I often sit on that same bench as I work out in the garden, and several times I have stood up and chased a rabbit or two with the rake...my hope is to train them that I am always on that bench.










the scarecrow "Wabbit Killa"


----------



## Dark Angel 27 (Sep 11, 2008)

that's awesome!


----------



## RoxyBlue (Oct 6, 2008)

He's gorgeous, Beelce. Perfect use of a cow skull


----------



## samseide (Jun 1, 2010)

That's great but according to your title of your post you made this ten years ago. What took you so long to put it up on here for us to see! We've been waiting!!


----------



## tot13 (Jul 25, 2007)

Love it, Brent!


----------



## beelce (Jul 21, 2007)

Thanks everyone...
I new the typo in my title would get a comment or two, but I can't figure out how to edit a title...
Sad thing is no one can tell the difference between me and a big headed dead cow.
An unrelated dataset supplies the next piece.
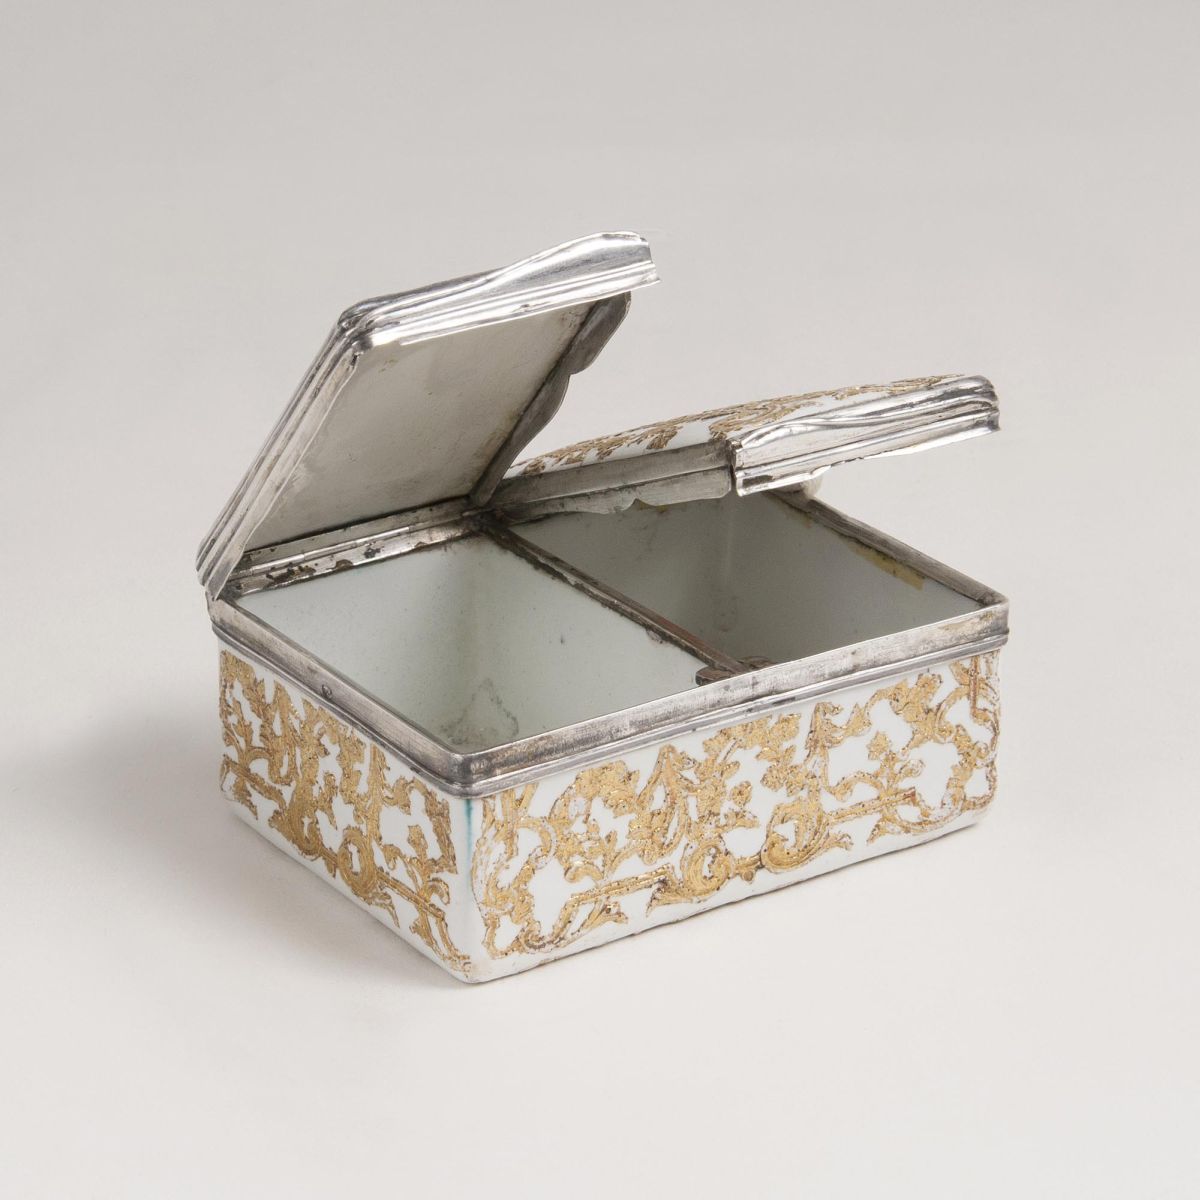 A Berlin Enamel Snuff Box with Gold Relief Decor - image 2

Tot13...hope you get to come buy this year...


----------



## RoxyBlue (Oct 6, 2008)

beelce said:


> Thanks everyone...
> I new the typo in my title would get a comment or two, but I can't figure out how to edit a title...


I can


----------



## Dixie (Feb 18, 2009)

It looks great, beelce, how awesome is that - putting out your first prop in April - I bow to you!!!


----------



## beelce (Jul 21, 2007)

Thanks Roxy...that works better
And thanks to you Dixie....April is a fine time to fire your first shot...


----------



## beelce (Jul 21, 2007)

here are 2 more.....


----------



## spideranne (Jul 17, 2006)

Very cool. I'm getting a Peter Rabbit, demented Mr. McGregor vibe.


----------



## niblique71 (Dec 2, 2009)

I'm glad you posted some extra pics.... Now I can really appreciate this Cowlicious Wabbit wonker


----------



## samseide (Jun 1, 2010)

very creepy! must look super eerie at night when walking up from behind it!


----------



## Spooklights (Jul 4, 2006)

I like it!


----------



## Dixie (Feb 18, 2009)

Oh those shots are even creepier!! I wouldnt want to walk by it at night either! Really great job!!!!!


----------



## beelce (Jul 21, 2007)

I know......
This thing still makes me look twice when I catch him out of the corner of my eye.
The eyes are so big, their just creepy.........


----------



## pensivepumpkin (Mar 27, 2011)

Omigod. I am filled with jealousy. And a desire to look for and/or make animal skulls. The rabbits also enjoy my garden, so I may steal this idea. Wow. Haunt Forum rocks.


----------



## scubaspook (Dec 16, 2010)

Now thats just neat and clever. A multipurpose prop.


----------



## CreeepyCathy (Mar 28, 2009)

great job! & great idea.


----------